Criminalising Sexual Violence in Armed Conflict: The Libya Story

June 2013
By Diana Philip

The government of Libya is currently in the process of adopting a bill which makes rape committed during armed conflict a war crime. This is said to be the first such endeavour in the world by a nation state and is worthy of praise. The timing of the announcement of such a bill could not be more promising. The United Nations Security Council (UNSC) on 24th June 2013 passed a legally binding resolution calling upon state parties to enact laws to prosecute acts of sexual violence in armed conflict. Hence, such domestic legislation will not only act as a case in point to all those transitional governments recovering from conflict, but most importantly, this gesture by the Libyan government serves as a beacon of light to the international community which is striving to end such acts of violence.

The conflict in Libya began in February 2011 through an armed uprising similar to those in Tunisia and Egypt and witnessed several cases of sexual violence. However, there is no exact data on the number of such cases which is estimated to be in the thousands. This is because stigma attached to rape and acts of sexual violence in Libya results in the lack of reporting. There is also the possible issue of endangering the lives of victims when such atrocities are reported.  If the Libyan bill, which will be put to vote a few weeks from now, is adopted it will send a strong message that rape will no longer be considered as an unfortunate consequence of war. There will be no impunity for perpetrators of such crimes and the victims of violence will not be further victimised.

Rape is often used as a deliberate act to spread terror, destroy communities and alter the ethnic composition in a region during armed conflict. For example during the Rwandan Genocide, systematic rapes were carried out in order to ensure that the minority Tutsi women bore Hutu children. This was the case in Darfur, Sudan as well as the Democratic Republic of Congo (DRC), where rape was used as a weapon of war. There are long term consequences of sexual violence which include, stigmatization of the victims, unwanted pregnancies and transmission of diseases including HIV. Unfortunately, most post conflict nations lack sufficient resources to provide even the most basic healthcare to cater to the needs of the survivors of rape and sexual abuse. In this context, the Libya's action would only go towards strengthening the position of the vulnerable groups who suffer during armed conflict.

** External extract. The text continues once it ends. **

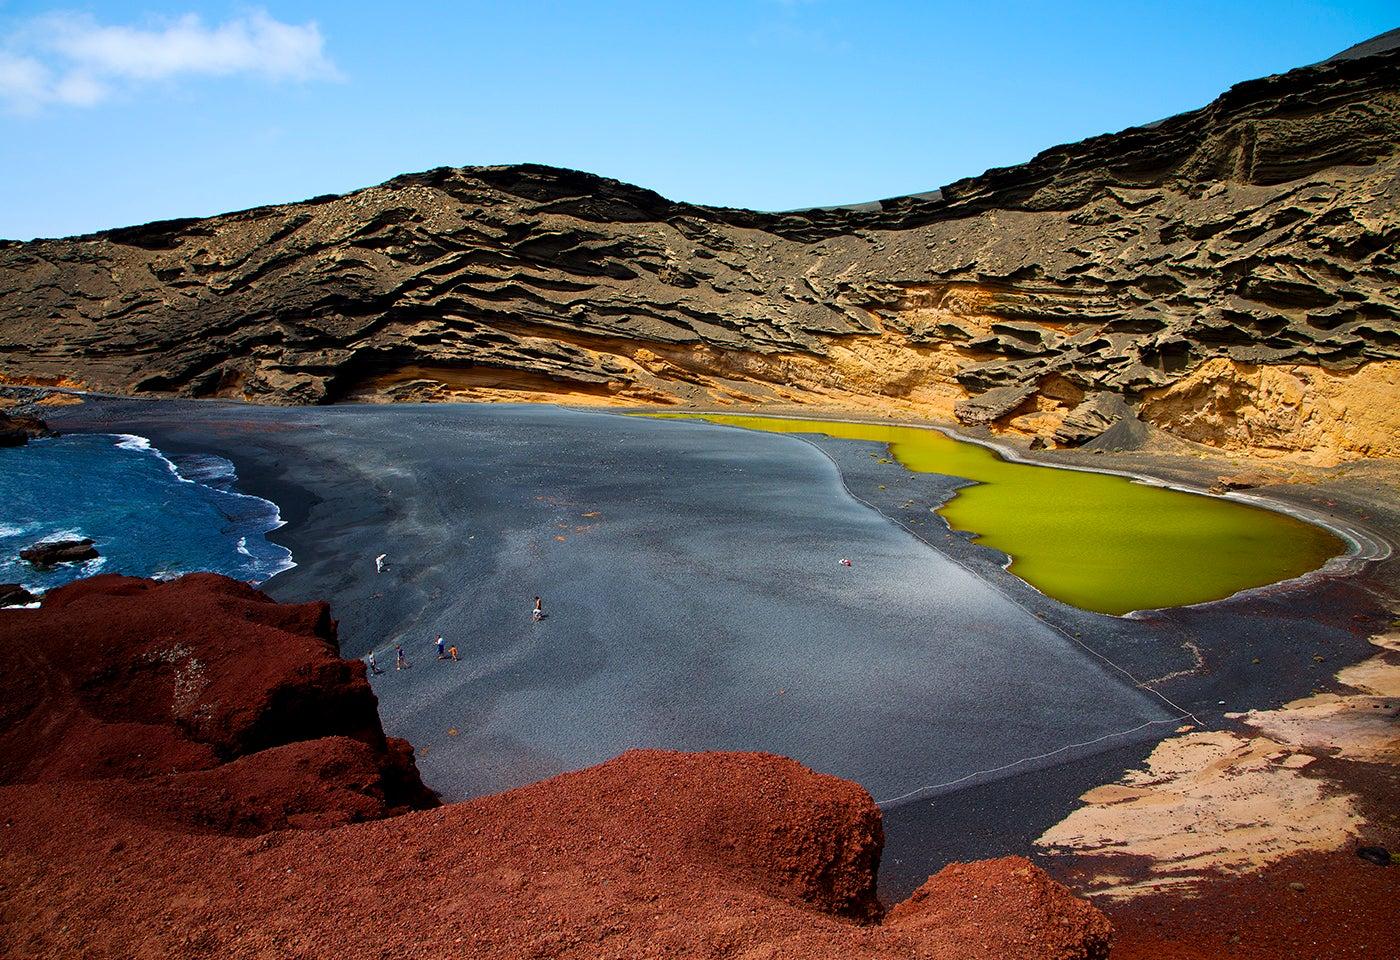 Rincones de las islas Canarias, Charco de los Ciclos

While sexual violence during times of war is not a new phenomenon it is only as recently as 1992 that the international community recognised rape in conflict as a crime when the Security Council passed a resolution condemning rape in Yugoslavia. Since then a series of Security Council resolutions which sought to address the issues of sexual violence in armed conflict have been passed [SC Res 1325 (2000), 1820 (2008), 1888 (2009), 1889 (2009), and 1960 (2010)]. It must also be noted that the 1992 Statute of the International Criminal Tribunal for Yugoslavia (ICTY) as well as the 1994 Statute of the International Criminal Tribunal for Rwanda (ICTR) have recognised rape as a 'crime against humanity'. The ICTR in fact was the first court in the world which recognised the systematic use of rape as a form of genocide in the case of The Prosecutor v. Jean Paul Akayesu. The International Criminal Court followed the lead of the above two tribunals and recognised rape and other forms of sexual violence a war crime as well as a crime against humanity.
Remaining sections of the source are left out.